In other words, are phrases like: 

_jo laRkii khaRii, *ye *laRkii lambii hai

jitnii ho sake, *itnii *madad karnii chaahie

jidhar tuu jaae, *idhar *maiN bhii jauuN_gaa

jaise sharaab kaa nashaa hotaa hai, *aise *hii settaa kaa bhi nashaa hotaa hai_

... idiomatic?

At first thought, I would assume that no, because the relative construction already  forces us to talk about the thing being introduced in an abstract, mentally detached (hence, distant) way.
But I don't really know. Are constructs like the above possible?

Thanks in advance.


----------



## littlepond

MonsieurGonzalito said:


> _jo laRkii khaRii, *ye *laRkii lambii hai_


This sentence does not make much sense from common sense point of view, but anyway, just for the sake of it, it should be "jo laRkii khaRii hai, *voh* lambii hai." You cannot avoid "hai" and you cannot repeat "laRkii": and you cannot have "yeh."



MonsieurGonzalito said:


> _jitnii ho sake, *itnii *madad karnii chaahie_


_*utnii*_


MonsieurGonzalito said:


> _jidhar tuu jaae, *idhar *maiN bhii jauuN_gaa_


_vahaaN, *udhar*_ (usually, one wouldn't use _bhii _here).


MonsieurGonzalito said:


> _jaise sharaab kaa nashaa hotaa hai, *aise *hii settaa kaa bhi nashaa hotaa hai_


_jaisaa _and _*vaisaa*_. And I am assuming you mean _saTTaa_, as there is no word like _settaa_ I know of. Also, there is no point to repeat _nashaa_! In other words, "jaisaa sharaab kaa nashaa hotaa hai, vaisaa hii saTTe kaa bhi hotaa hai."
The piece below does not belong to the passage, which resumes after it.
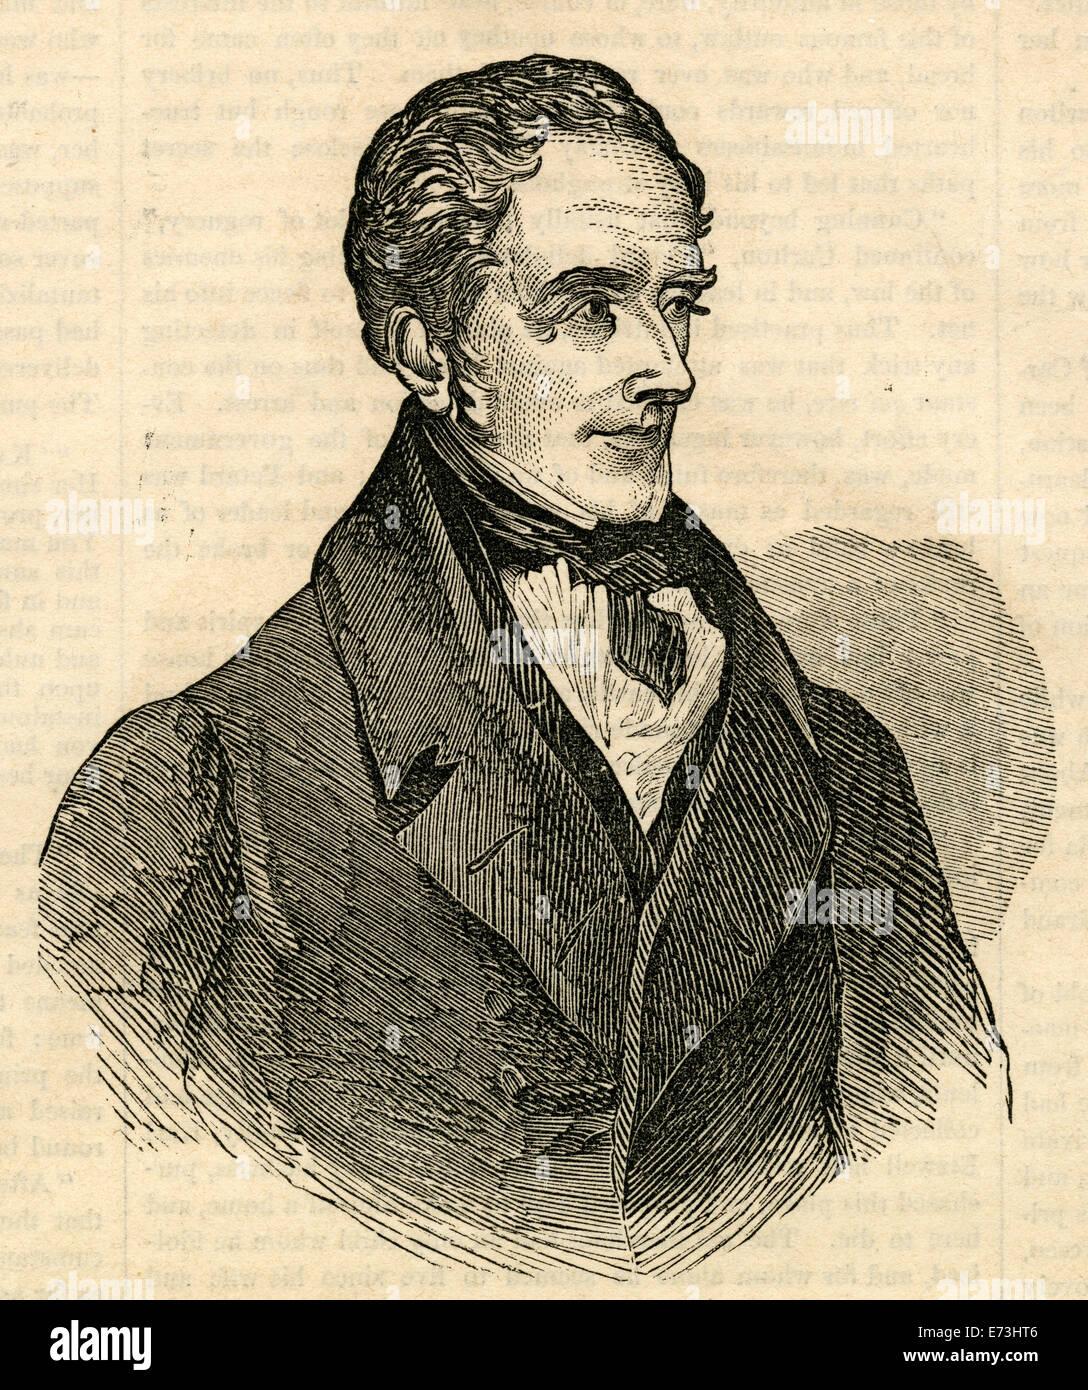 Antique 1854 engraving, portrait of Thomas Moore. Thomas Moore (1779-1852) was an Irish poet, singer, songwriter, - Stock Image

Note that _jaise _and _vaise _would indicate the procedure of getting into _nashaa_ (for example, what exactly happens in the brain, the chemical processes, etc.), and I don't think you meant those.


----------



## MonsieurGonzalito

littlepond said:


> saTTaa


I am sorry, sattaa 
Paraphrasing this person here
Are you saying that the word choice with _sattaa _and _nashaa _is weird, or that the whole idea of being "drunk with power" is not idiomatic?




littlepond said:


> You cannot avoid "hai" and you cannot repeat "laRkii":



(I mistakenly thought that Hindi allowed some lassitude in repeating the main word)
That means I cannot say, for example:

_jo saaRii sel maiN hai, maayaa us *saaRii *ko xariidegii ?_


----------



## littlepond

MonsieurGonzalito said:


> I am sorry, sattaa
> Paraphrasing this person here
> Are you saying that the word choice with _sattaa _and _nashaa _is weird, or that the whole idea of being "drunk with power" is not idiomatic?
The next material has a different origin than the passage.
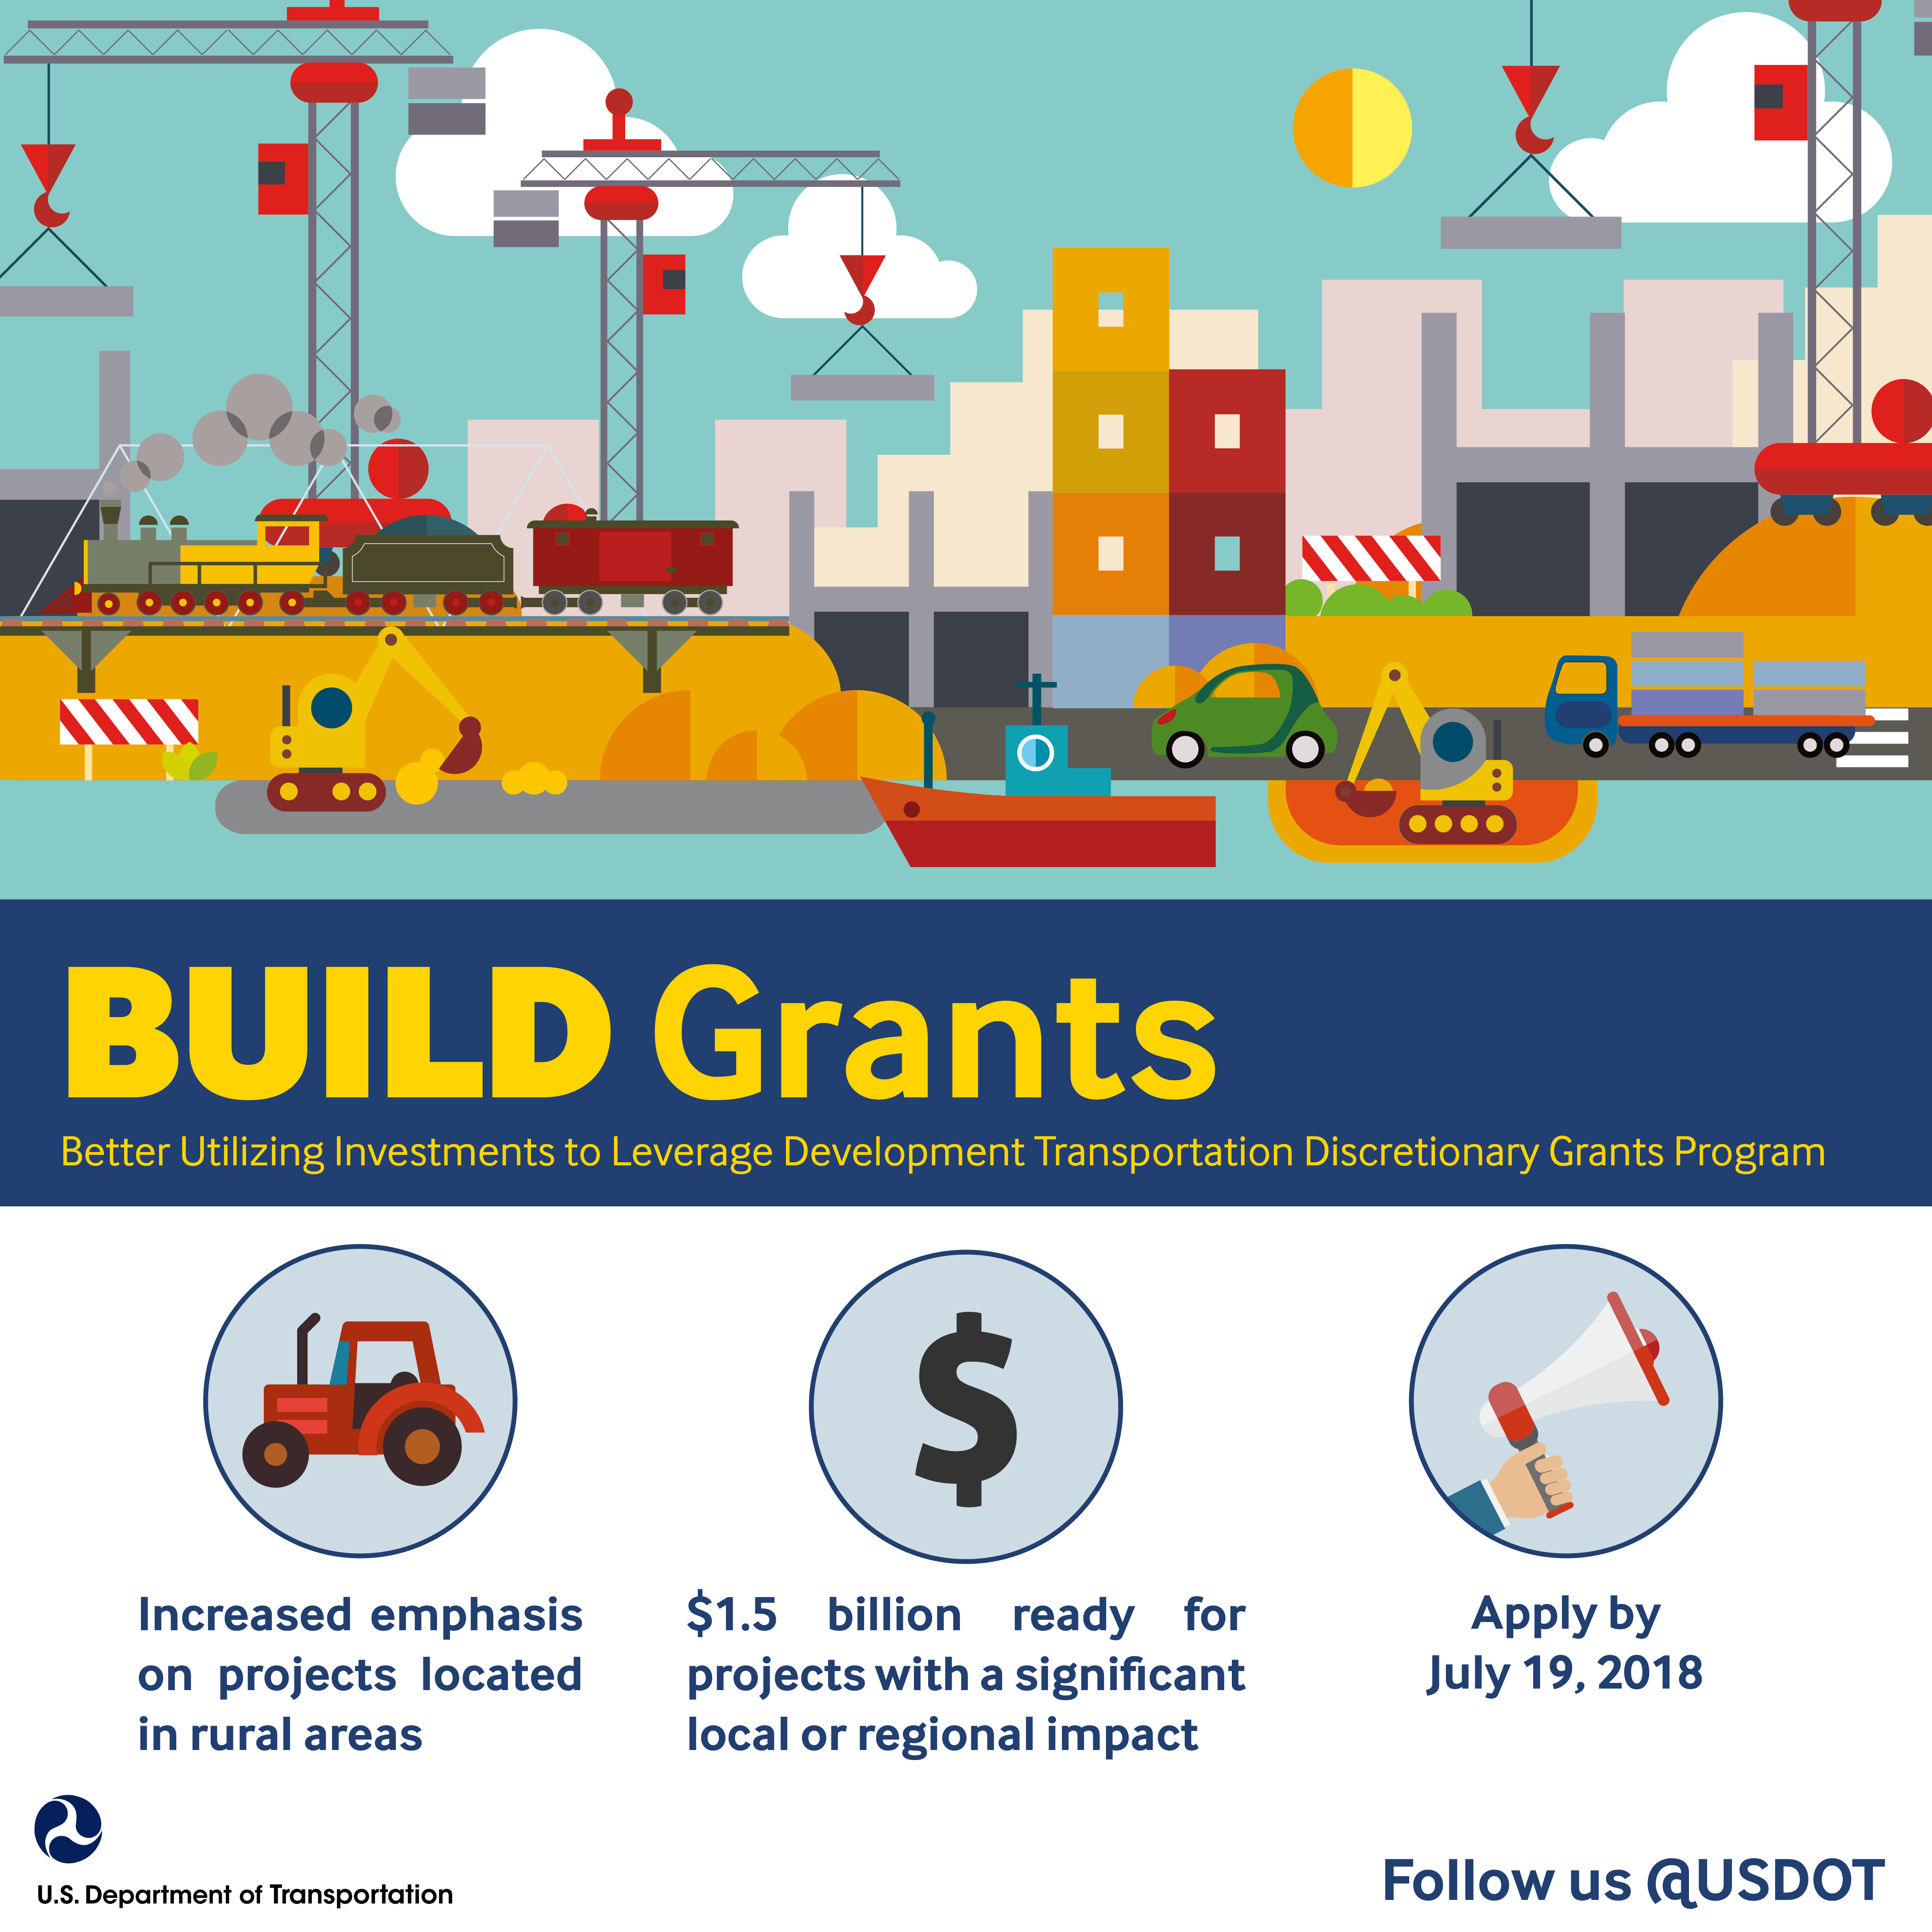 BUILD Grants

Ah, if you meant "sattaa," that is fine. As you had misspelled it as "settaa," I thought you had meant "saTTaa." Drunk with power would be idiomatic universally, I guess.



MonsieurGonzalito said:


> (I mistakenly thought that Hindi allowed some lassitude in repeating the main word)
> That means I cannot say, for example:
> 
> _jo saaRii sel maiN hai, maayaa us *saaRii *ko xariidegii ?_



You _can_. But why would you commit such a horrible redundancy? (In certain situations, for example, when conspirating _saas-bahu_ make a plan in a Hindi soap, they would repeat: because, such repetition is usually for low IQ, extra drama.) Most people wouldn't even say all that: they would simply say "Maayaa sel vaalii saaRii khariidegii." But let's imagine a better situation: "jis saaRii pe maiN ne neelaa nishaan lagaa diyaa hai, tum usii ko le lenaa."

By the way, "meN," not "main," and most Hindi speakers would say "khariidegii."


----------



## amiramir

The dictionary link above says सत्ता is masculine ('nm'). But I assume it must be feminine because it is not declining in the examples above?


----------



## MonsieurGonzalito

I believe you are right. In the examples at the Urdu Lughat we have
(from the Bhagavad Gita)
_jis *kii *sattaa se sab jagat cheSHTaa kartaa hai  ..._


----------



## littlepond

amiramir said:


> The dictionary link above says सत्ता is masculine ('nm'). But I assume it must be feminine because it is not declining in the examples above?



"sattaa" is feminine.


----------



## MonsieurGonzalito

Today I stumbled upon a couple of examples that "mix" correlative types.
By "mixing" I mean that they use a relative word from one category (say, relative pronouns) and a a correlative word from another category (for example, an adverb). 

One of the examples is from the song and movie "Sarfarosh"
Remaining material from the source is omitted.